People might notice that the UNRN [50] is much better than other methods. UNRN borrows the uncertainty idea [51, 52] with mean teacher framework [53], which is the new state-of-the-art method on those two datasets of unsupervised domain adaptation task. However, since it is not directly to adaptive our method with it, we leave it as the future work.

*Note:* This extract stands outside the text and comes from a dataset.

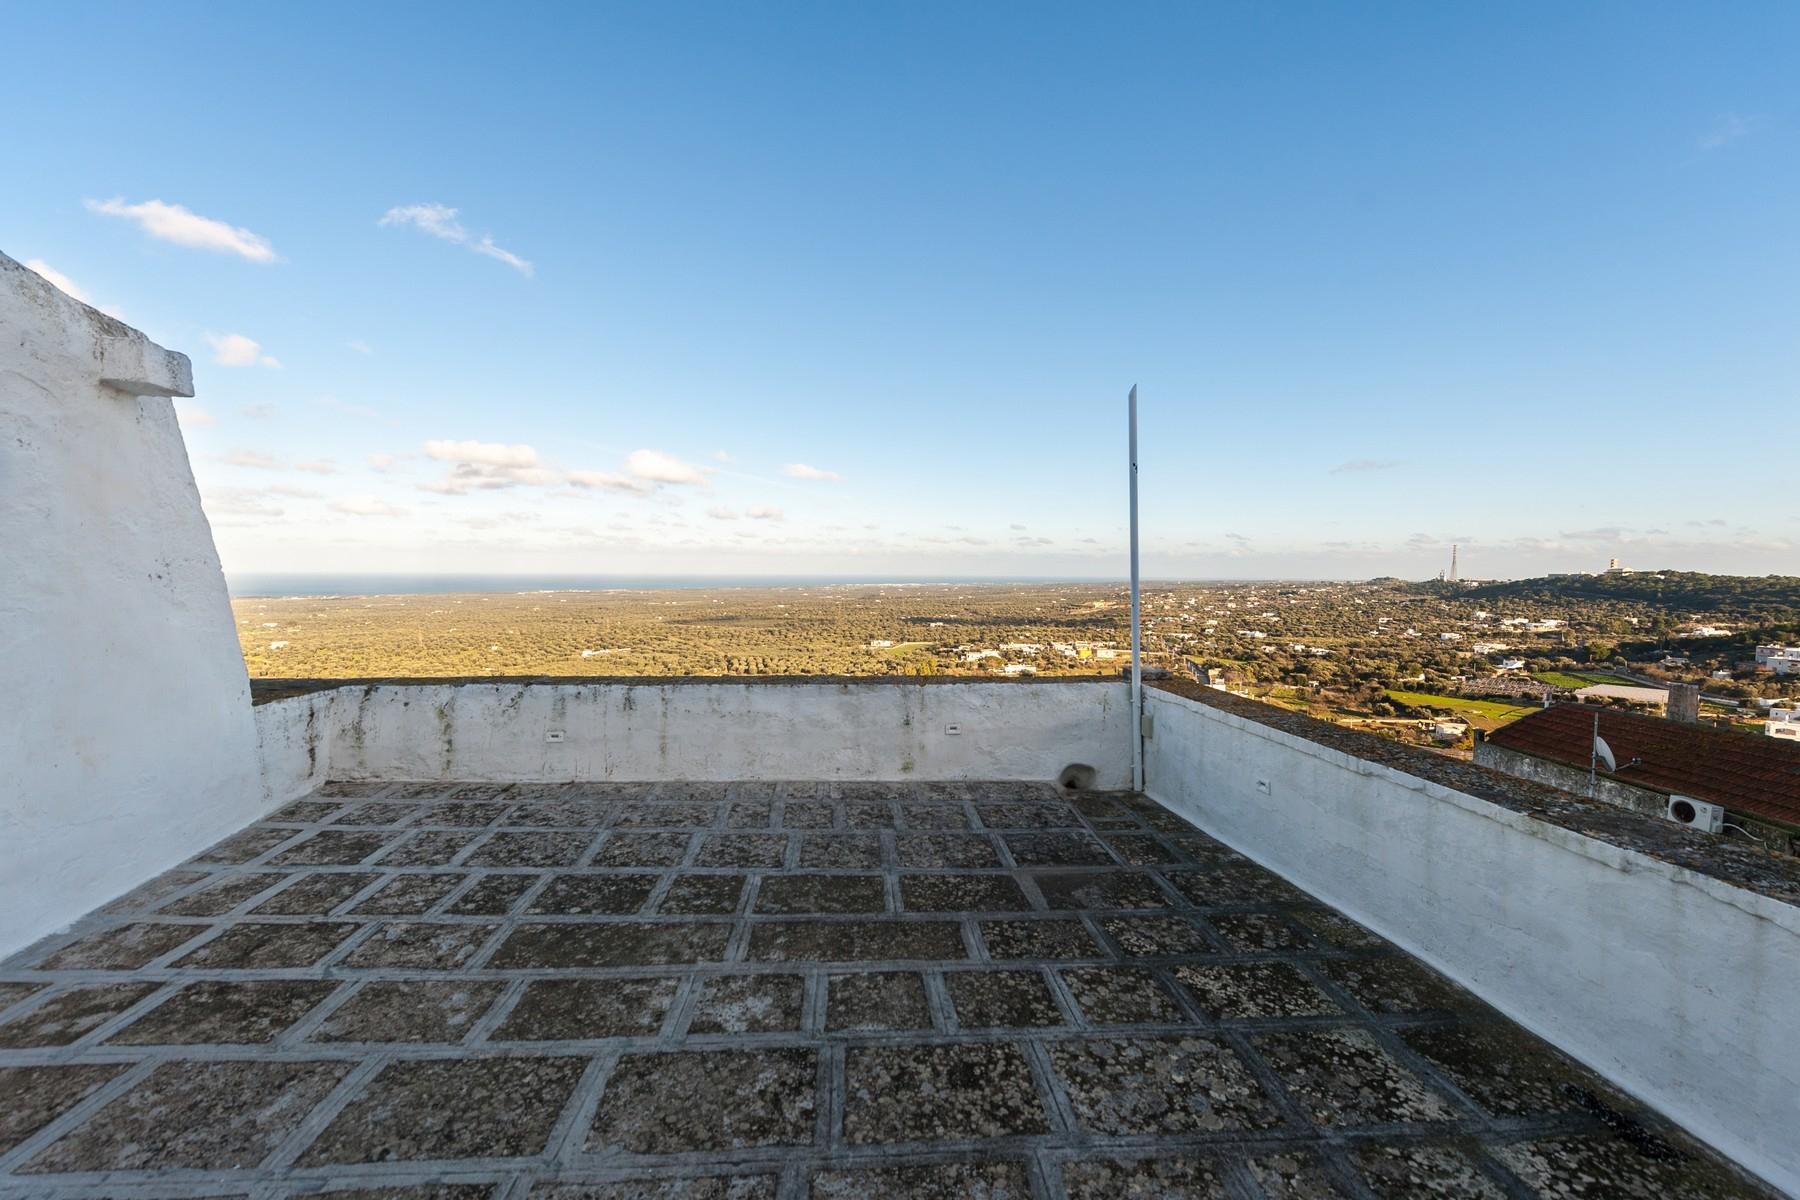 Appartamento in Vendita a Ostuni: 5 locali, 265 mq - Foto 13

7. Conclusion and Future Work

In this work, we proposed a special application scenario for cross-domain few-shot person re-ID problem. To address the problem of insufficient labeled data in the target dataset, we try to involve an auxiliary training set as source datasets. Meanwhile, because of the gap between the source dataset and the target dataset, the performance of the model trained on the source dataset drops drastically. So, we propose a reweighting policy that minimizes the loss of the support dataset to select helpful samples. The experiment results confirm that our reweighting policy is effective and achieves state-of-the-art performance in our problem.

7.1. Limitations

The ReWIF is a time-consuming method since the computation of second-order derivative (although we remove the computation of Hessian metrics). A direct drawback is that we should train the model again when the new suspect appears. Fortunately, the training time of ReWIF is less than 1.5 hours on 4 GTX 2080 GPUs. Moreover, when we accumulate enough suspects’ images (labeled data) after deploying the system in the new city for about half a year, we can retrain the model as a supervised person re-ID problem

7.2. Future Works

The future works can be summarized in two parts. Firstly, extending our framework to methods beyond the single-network-based method, e.g., AD-Cluster, which is an adversarial framework. Another direction, e.g., video data are common used in real-world application, which need to further explore and adapt to our method. Secondly, exploring the network compression methods since the drawback mentioned above. Three works [5456] can be explored to improve ReWIF, especially for the dictionary learning-based multifeature fusion method [54].

Data Availability

The data used to support the findings of this study are available from the corresponding author upon request.

Conflicts of Interest

The authors declare that they have no conflicts of interest.

Acknowledgments

This work was supported by the Scientific Research Project of Tianjin Education Commission (no. 2021KJ186).